Can someone out there please explain to me, the mechanics behind this? I know you are not supposed to dry fire but what I don't understand is what exactly is going on when you do. And how is an arrow, which really weighs nothing in the grand scheme of things, able to absorb all of that energy when it offers so little resistance to the released string?
Bit of a physics question but I am confident that many of you are up to the task.
cheers,
Robert
in essence you have answered your own question. the energy stored in the drawn limbs has to go somewhere and without the arrow it's all absorbed by the bow. arrows are light in the grand scheme but they do absorb a lot of energy, hence the archers paradox when the arrow leaves the bow. the heavier the arrow the more energy it takes to propel it and the less energy the bow has left to do something with.
i have had a few accidental dry fires, one last week when a nock was cracked and split off at the release. the arrow dropped straight down and the bow sounded like a shotgun going off. after a thorough inspection the bow seems to have escaped any damage. i was lucky!
hopefully someone else with a little more knowledge on this can chime in and give you a better understanding.

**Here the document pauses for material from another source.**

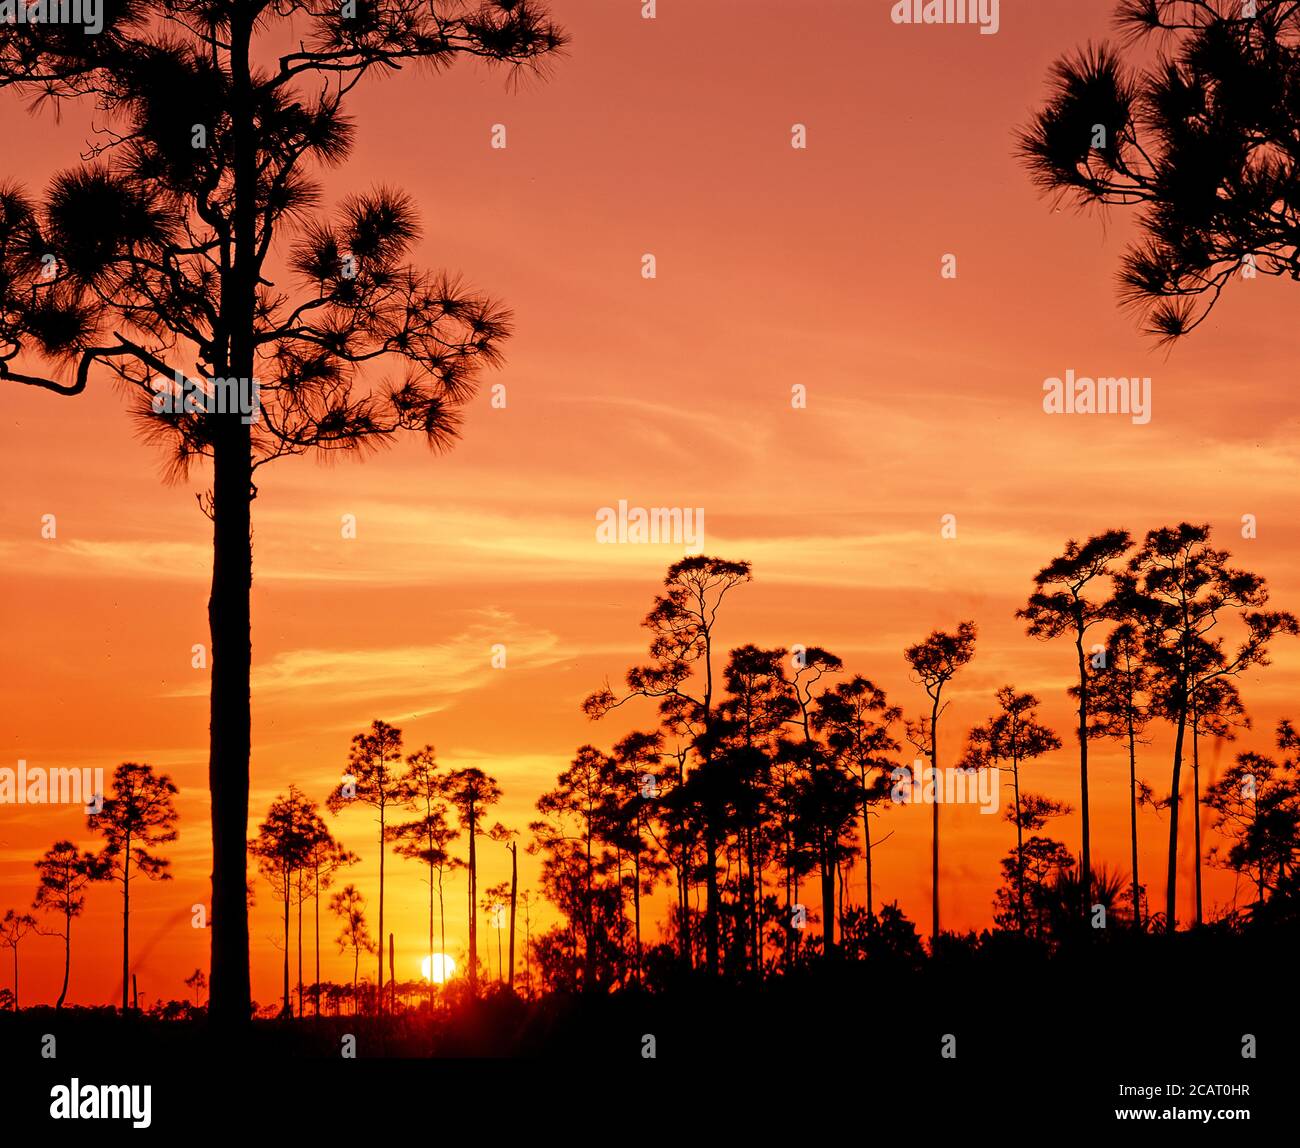 Bäume silhouetted gegen eine orange sunet Himmel in den Everglades Nationalpark im Süden Floridas in den Vereinigten Staaten Stockfoto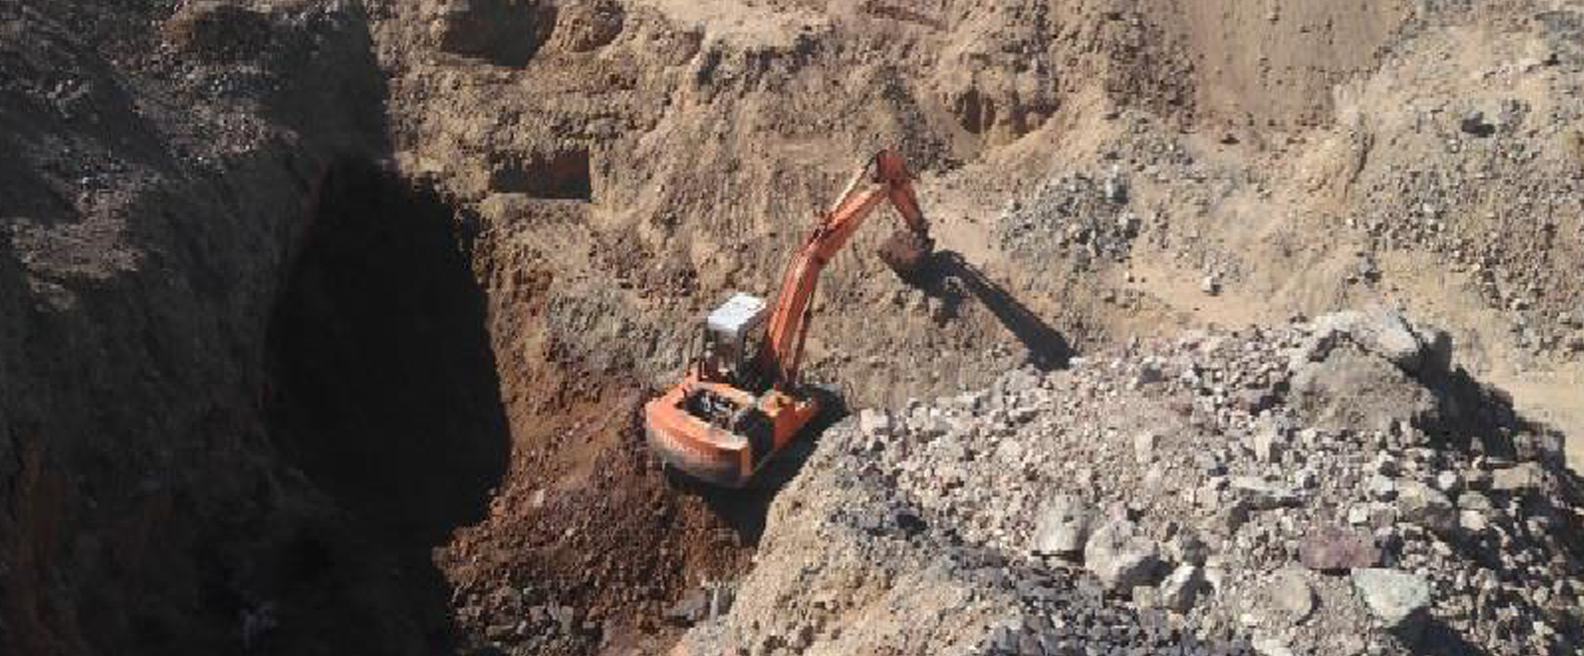 Iron ore mining at Pachinkoh Nokundi Balochistan

In most bows 80+% of the stored energy is release on the arrow. Some approach 90%. So when you dry fire that is one heck of a lot of energy that has to go somewhere and it us usually not a good place.
Mike
If you have any copies around, look at a bow review in TBM. The stored energy needs to go somewhere, and that is usually the arrow (0 to 160 fps in 0.0000001 sec), and some noise/heat (friction). Noise is vibration. Take two of those away due to no arrow, and it is all vibration. You just made an earthquake.... and that released energy is going to be released in a continuing forward movement of your limbs as nothing is holding them back. BOOM! Things are going to break.
From Physics: A body at rest remains at rest, and a body in motion remains in motion, continuing in a straight line, unless acted upon by equal and opposite forces.
Gosh, I knew I would use this some day....
BobW
I've been wondering about this as well, thanks for the info....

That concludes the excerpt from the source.